[Aim of the exercise] Transcribe the listing exactly as written. Leave the images out.

[Data extract]
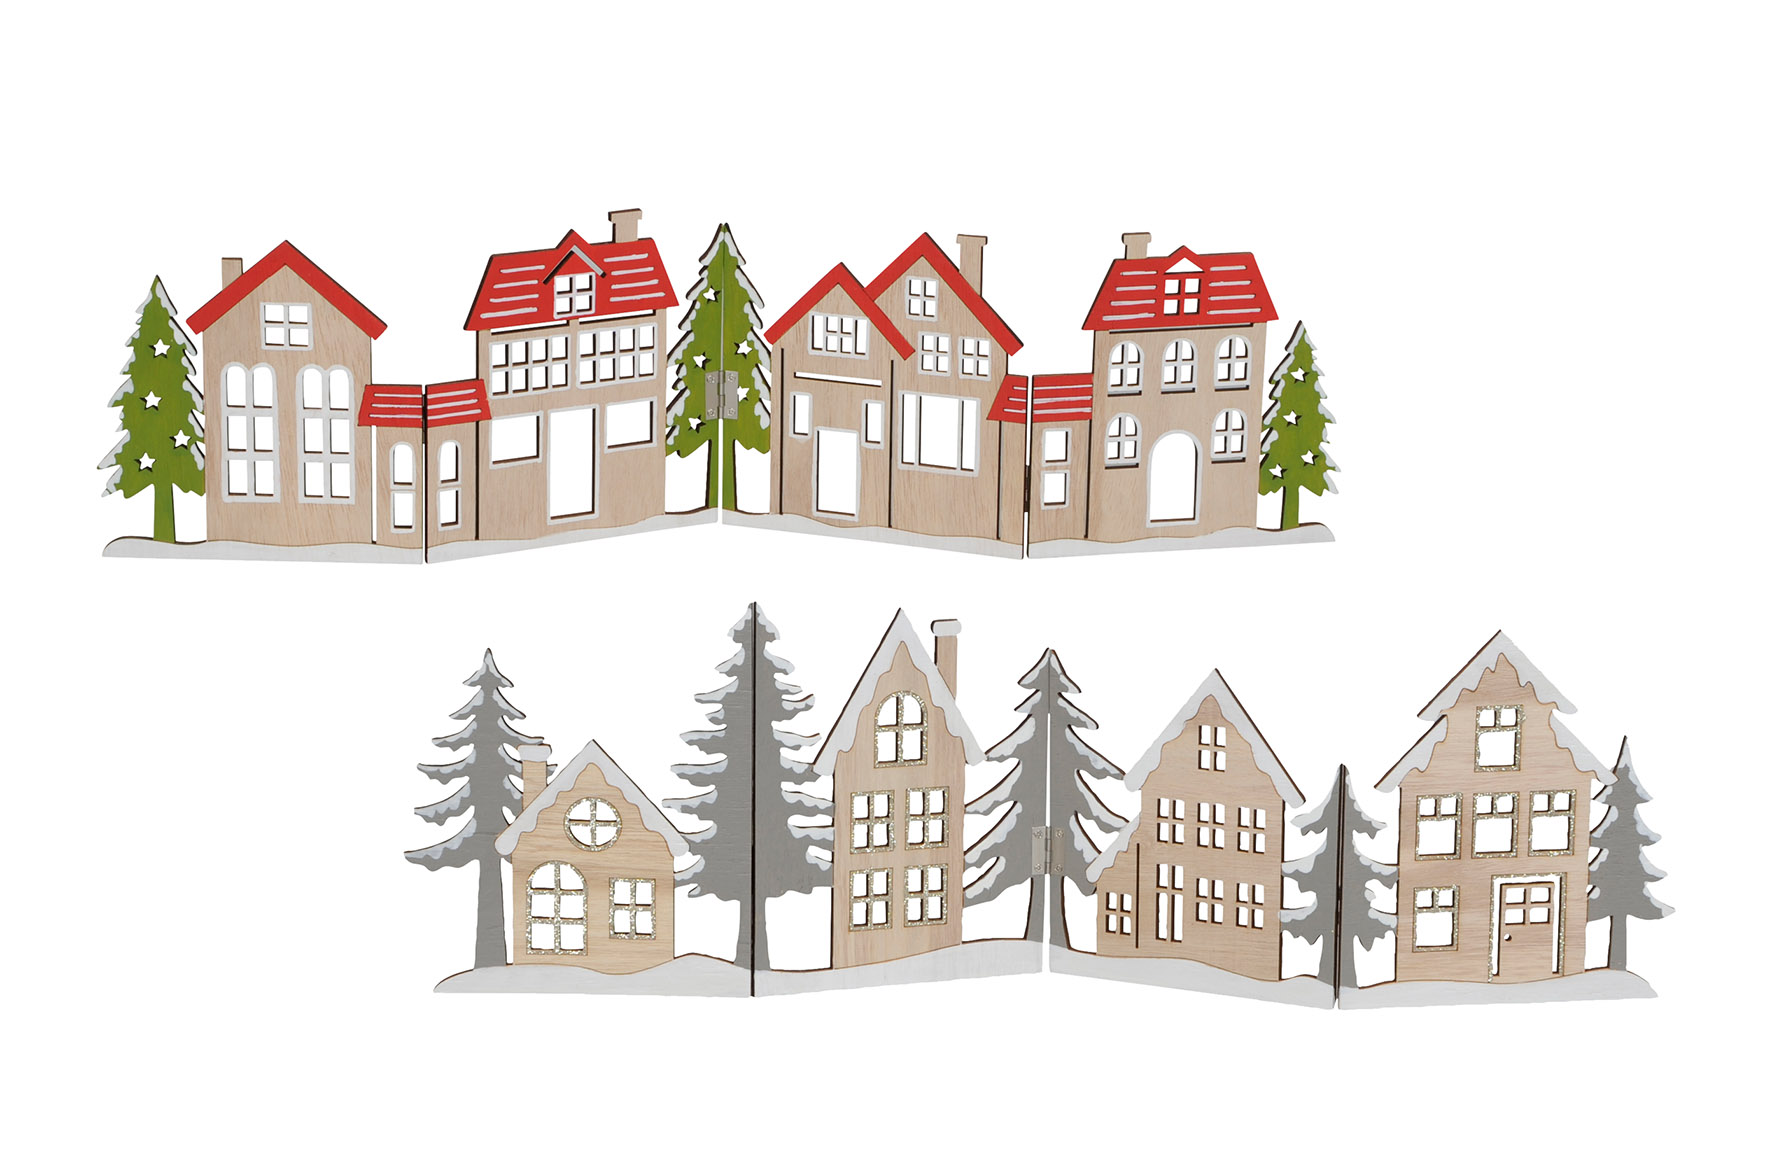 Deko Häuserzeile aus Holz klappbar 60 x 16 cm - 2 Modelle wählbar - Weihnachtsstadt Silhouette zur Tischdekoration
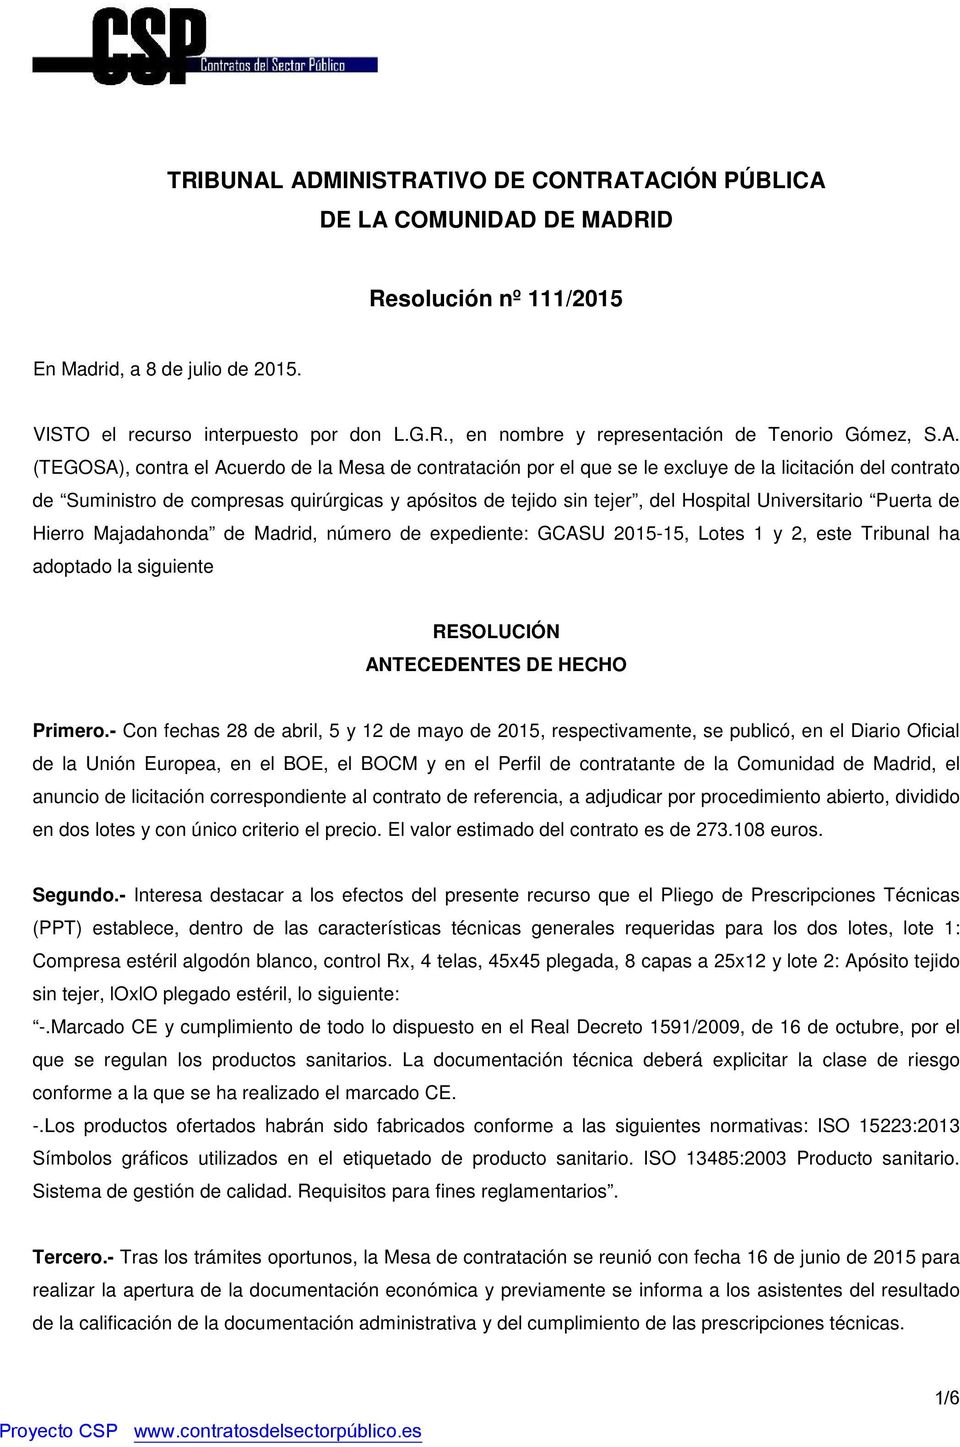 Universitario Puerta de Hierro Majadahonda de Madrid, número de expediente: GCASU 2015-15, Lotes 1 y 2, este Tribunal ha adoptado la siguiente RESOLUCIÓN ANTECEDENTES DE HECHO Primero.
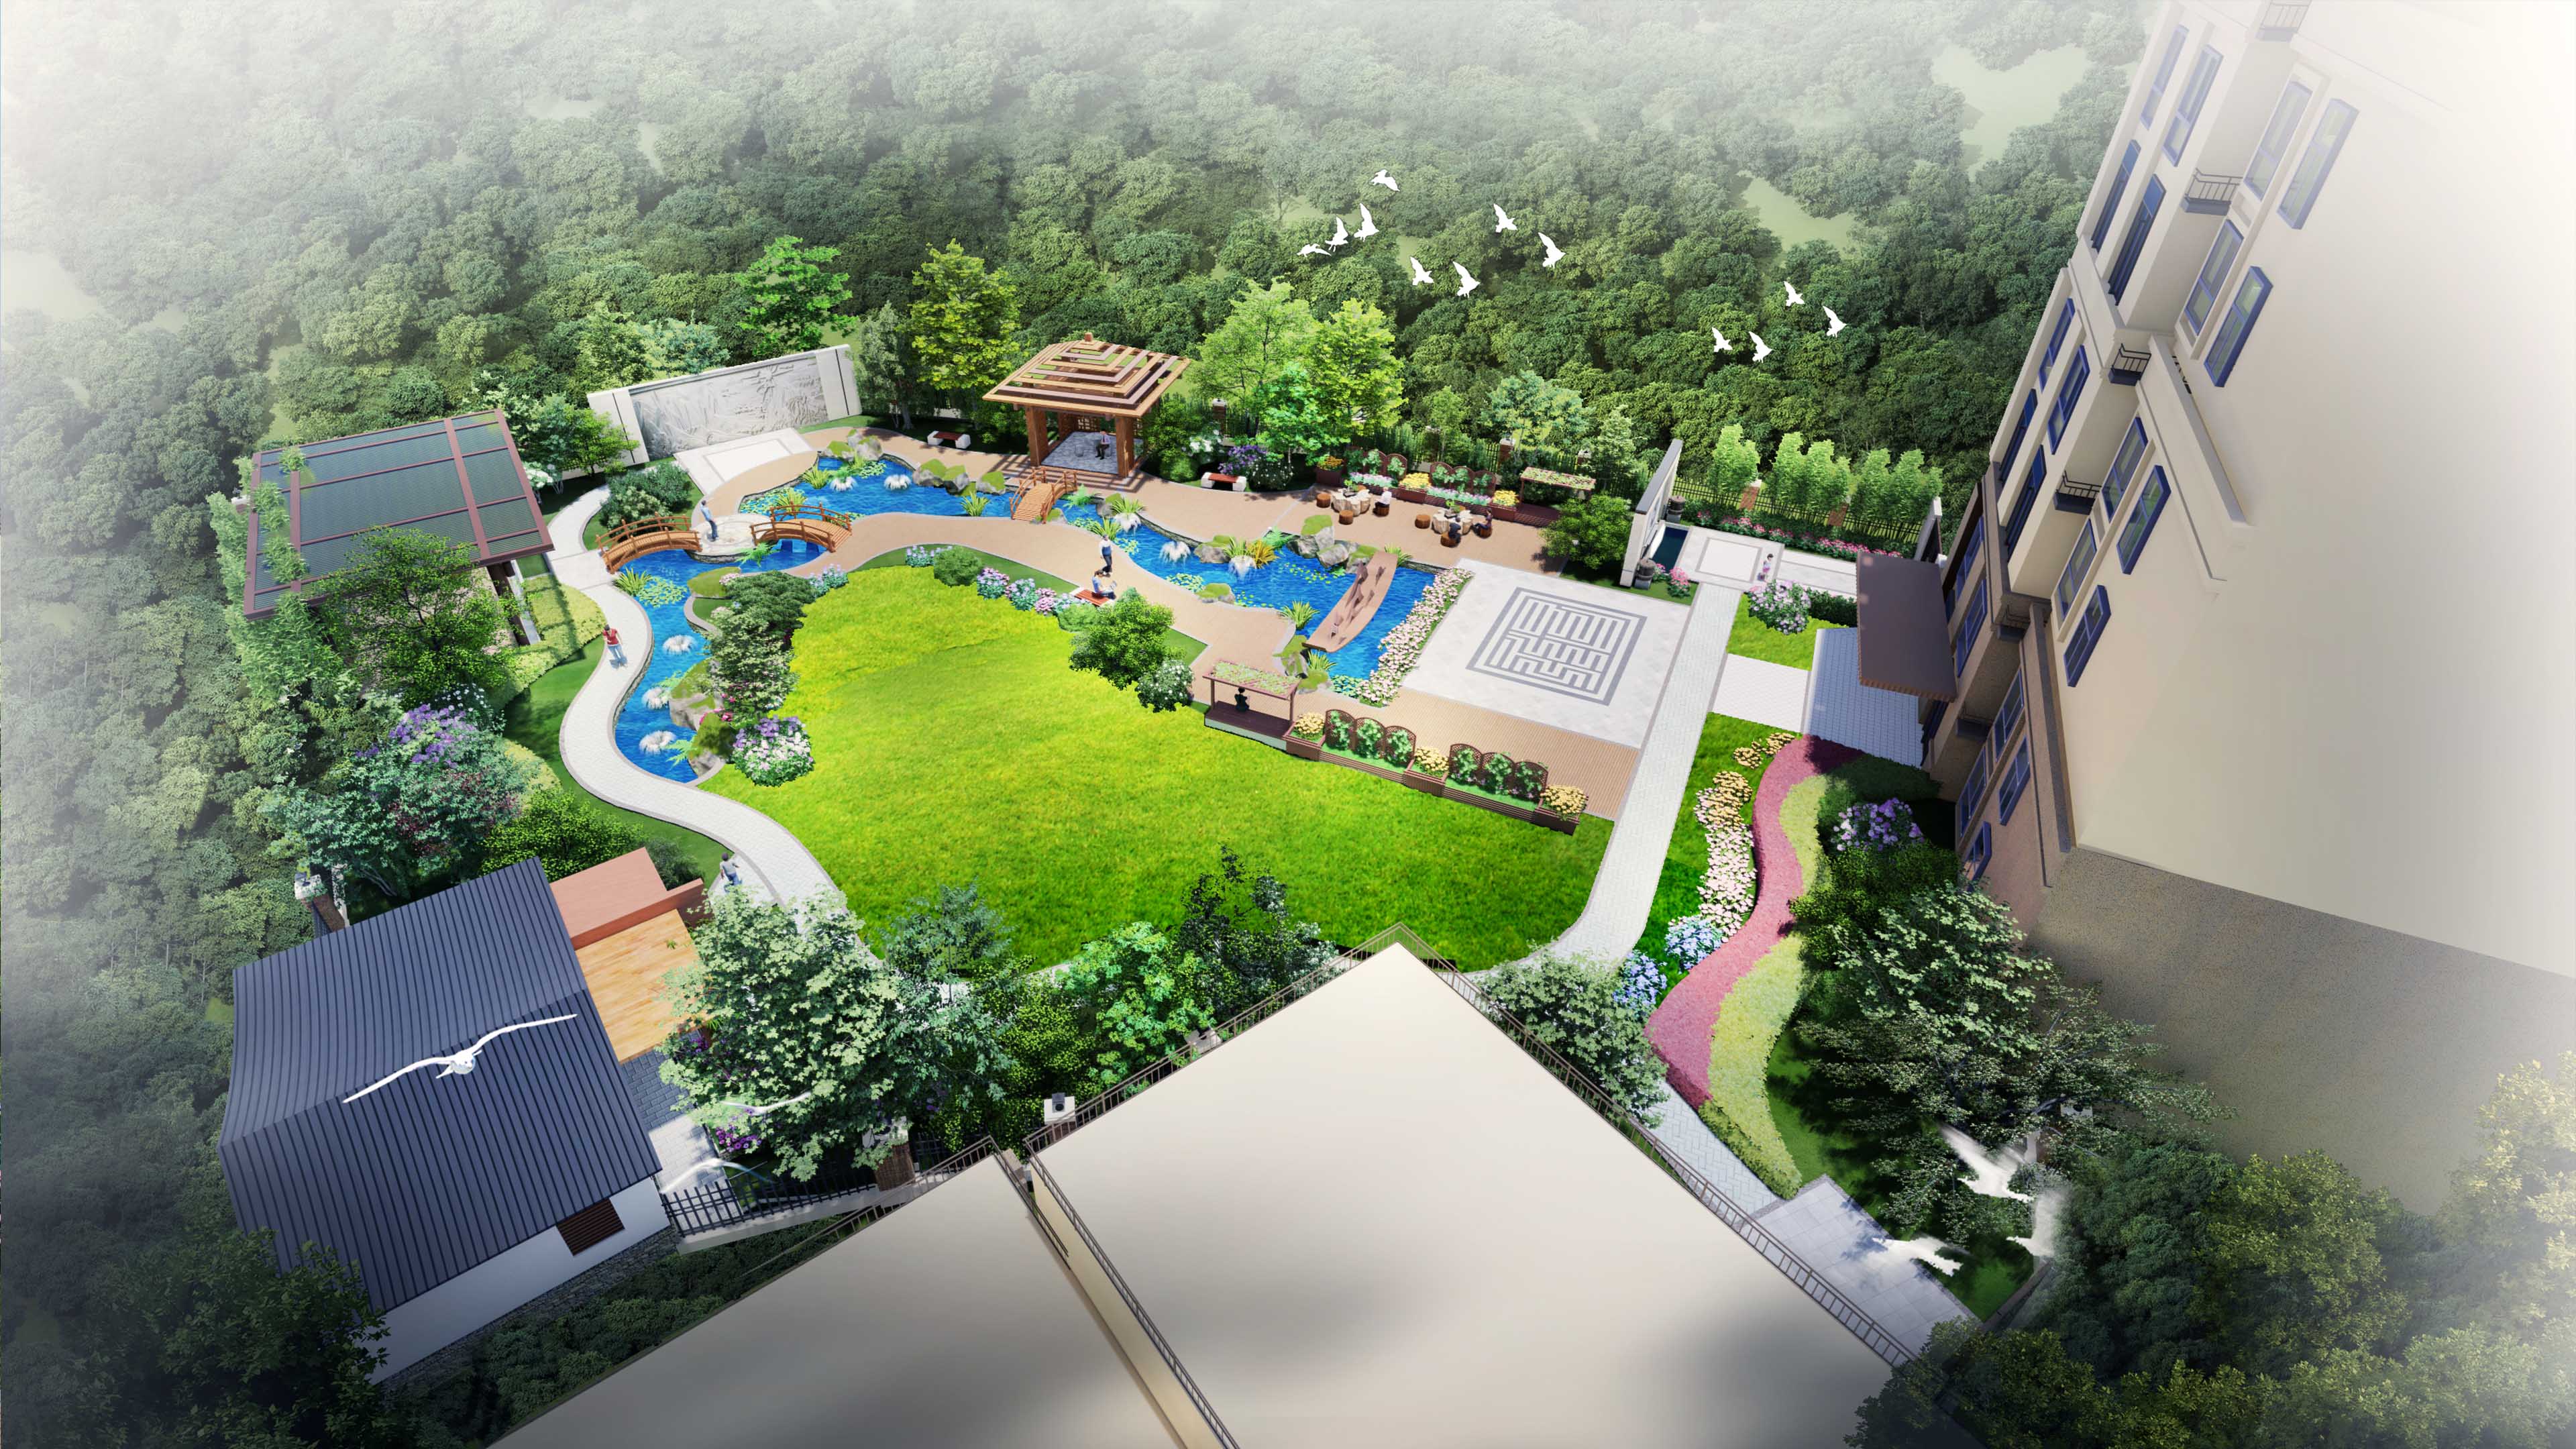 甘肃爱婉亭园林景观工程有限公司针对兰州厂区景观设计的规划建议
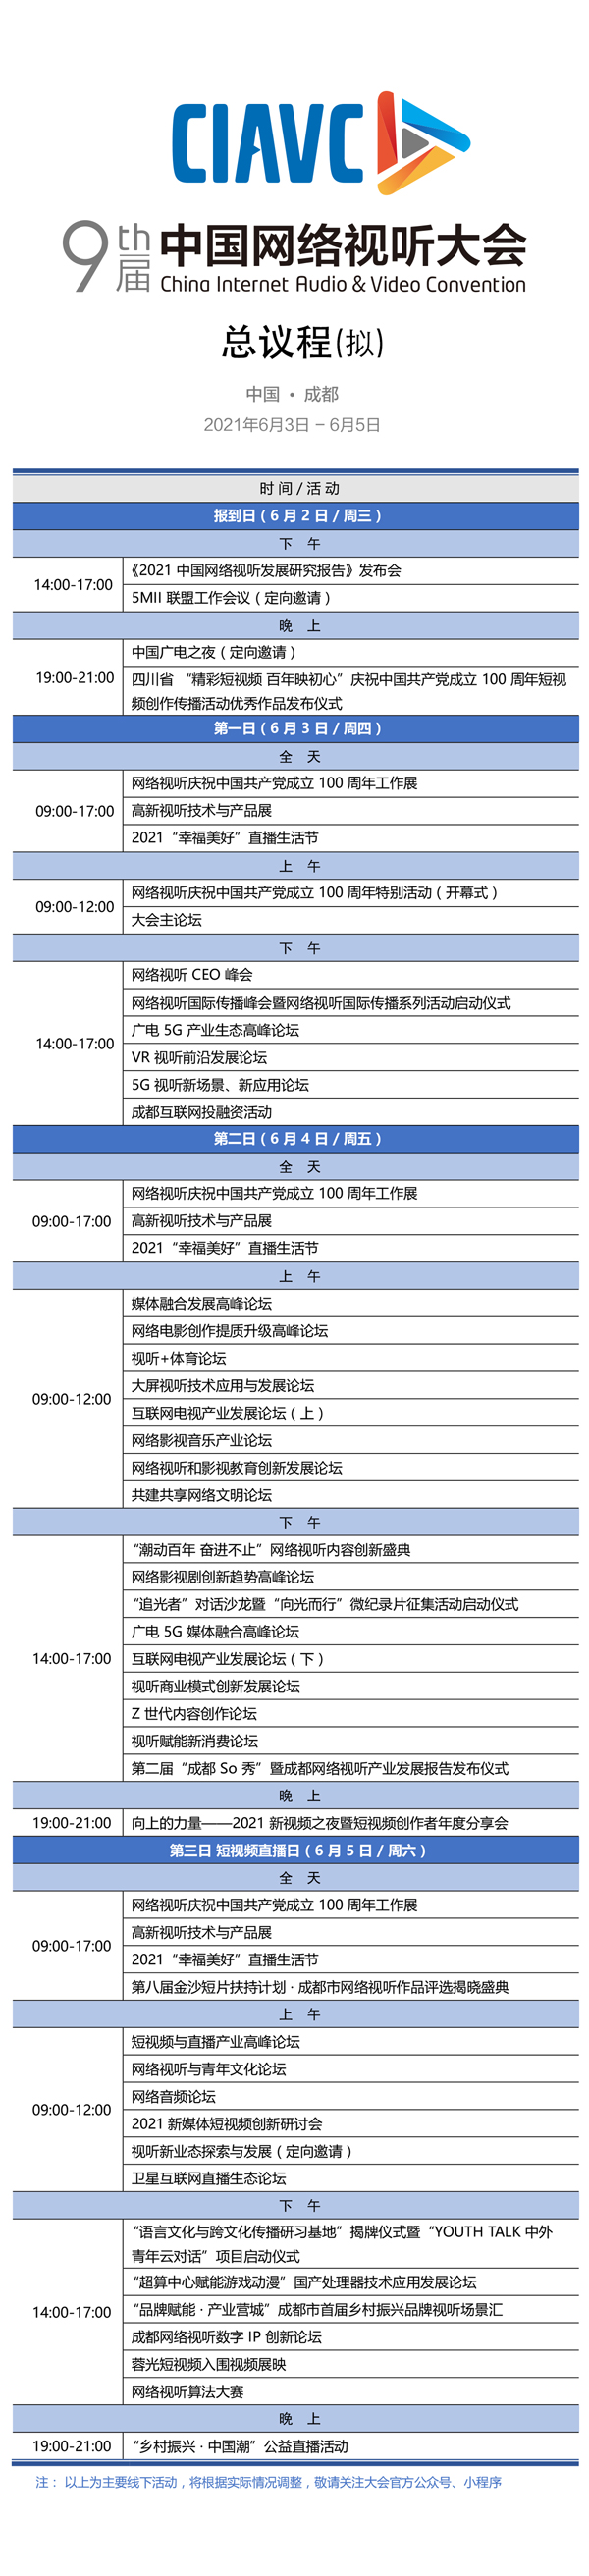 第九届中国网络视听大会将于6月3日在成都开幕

[Task response]
 Deko Häuserzeile aus Holz klappbar 60 x 16 cm - 2 Modelle wählbar - Weihnachtsstadt Silhouette zur Tischdekoration
 Universitario Puerta de Hierro Majadahonda de Madrid, número de expediente: GCASU 2015-15, Lotes 1 y 2, este Tribunal ha adoptado la siguiente RESOLUCIÓN ANTECEDENTES DE HECHO Primero.
 甘肃爱婉亭园林景观工程有限公司针对兰州厂区景观设计的规划建议
 第九届中国网络视听大会将于6月3日在成都开幕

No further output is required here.